WHAT NEEDS TO BE DONE
Within the listing below, give again exactly the lines between the one containing "Иллюстрация 1 из" and the one containing "tit maçã.png", inclusive, pictures left aside.

INPUT MATERIAL
▽

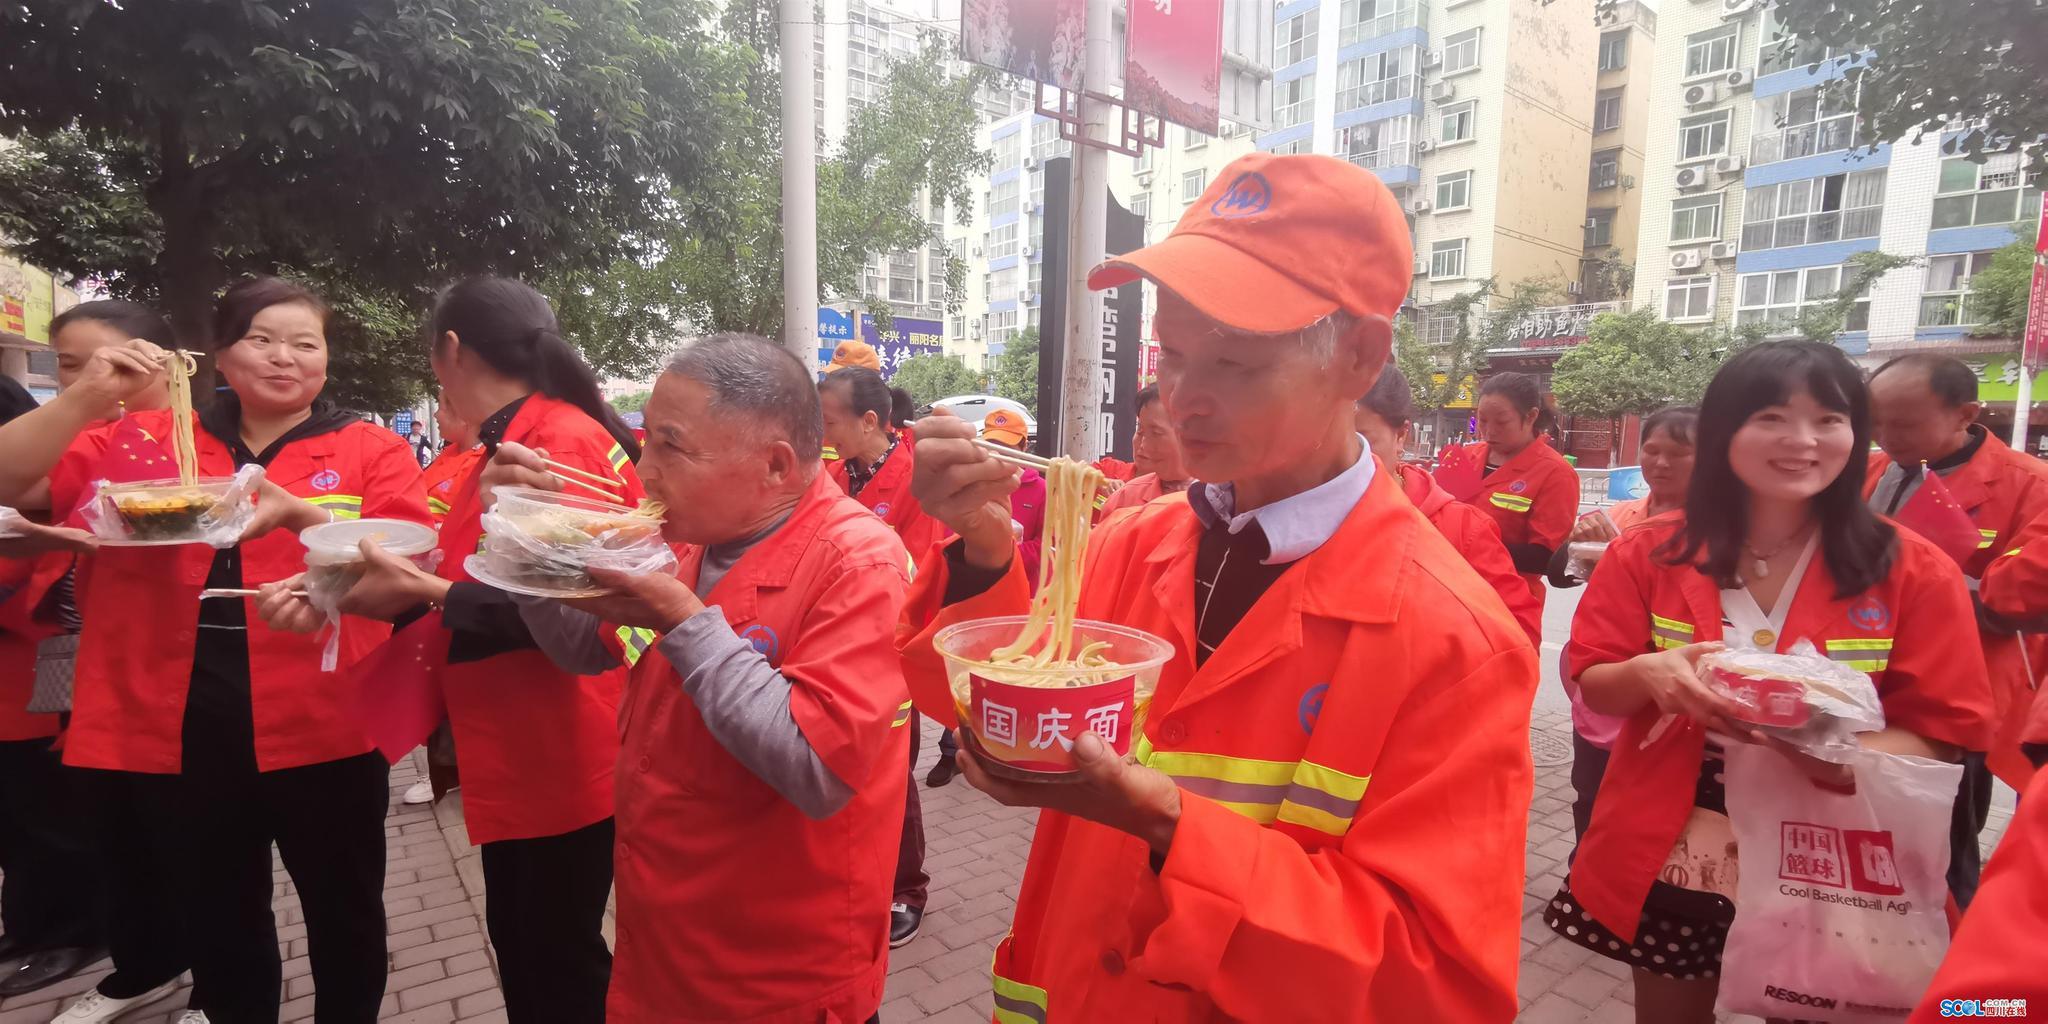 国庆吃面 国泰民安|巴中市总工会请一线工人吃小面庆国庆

△
▽

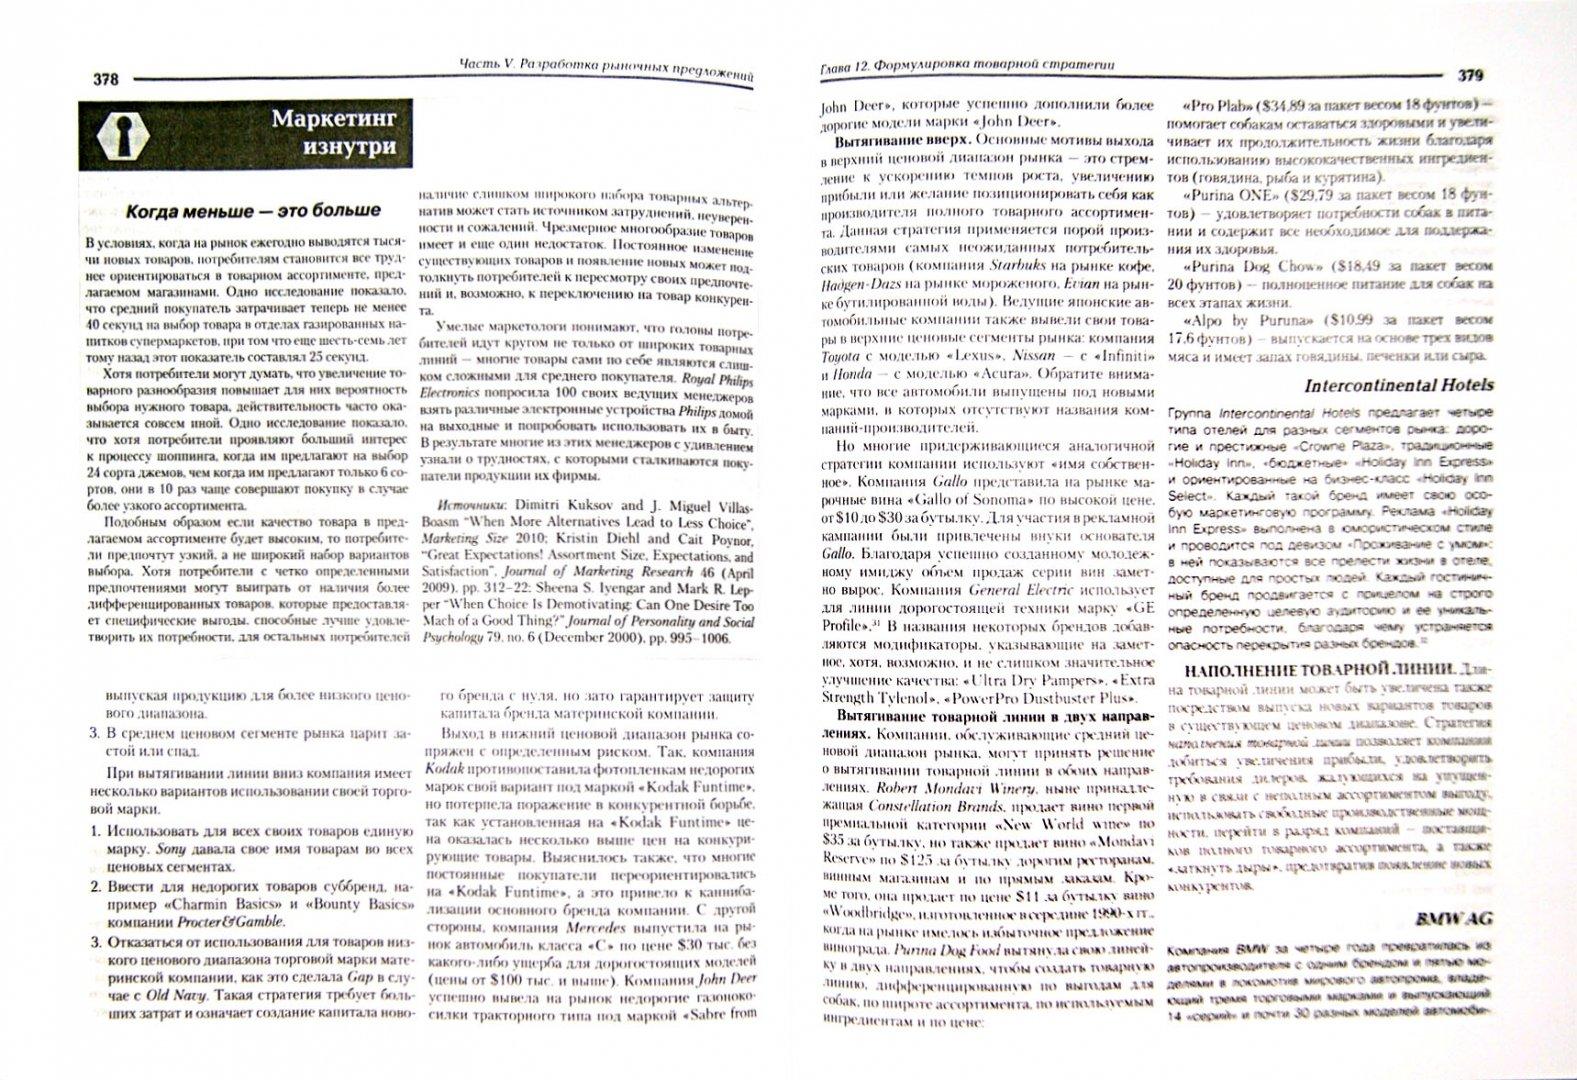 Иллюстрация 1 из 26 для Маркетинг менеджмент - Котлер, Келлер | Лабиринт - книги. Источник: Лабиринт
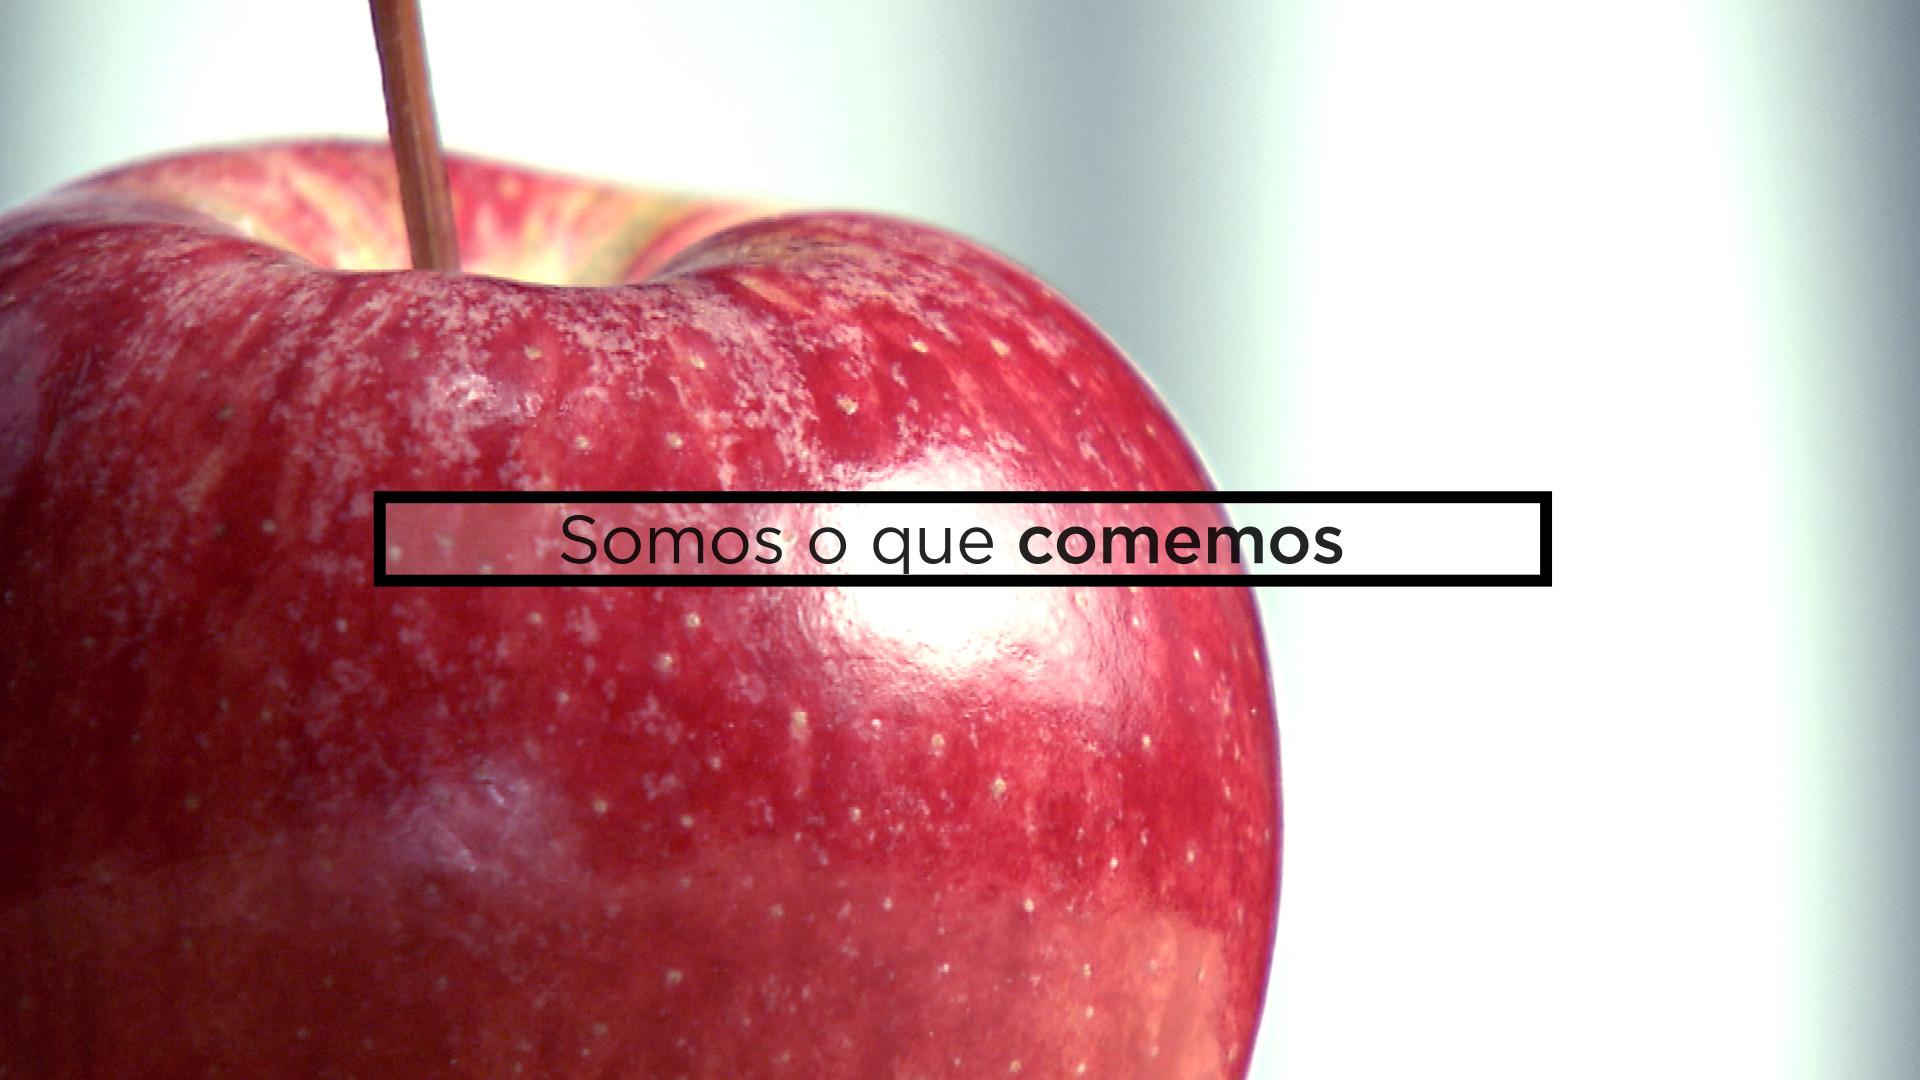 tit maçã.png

△
▽

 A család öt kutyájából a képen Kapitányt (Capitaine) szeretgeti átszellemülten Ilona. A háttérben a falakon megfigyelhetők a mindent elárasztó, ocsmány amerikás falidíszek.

△

OUTPUT
 Иллюстрация 1 из 26 для Маркетинг менеджмент - Котлер, Келлер | Лабиринт - книги. Источник: Лабиринт
 tit maçã.png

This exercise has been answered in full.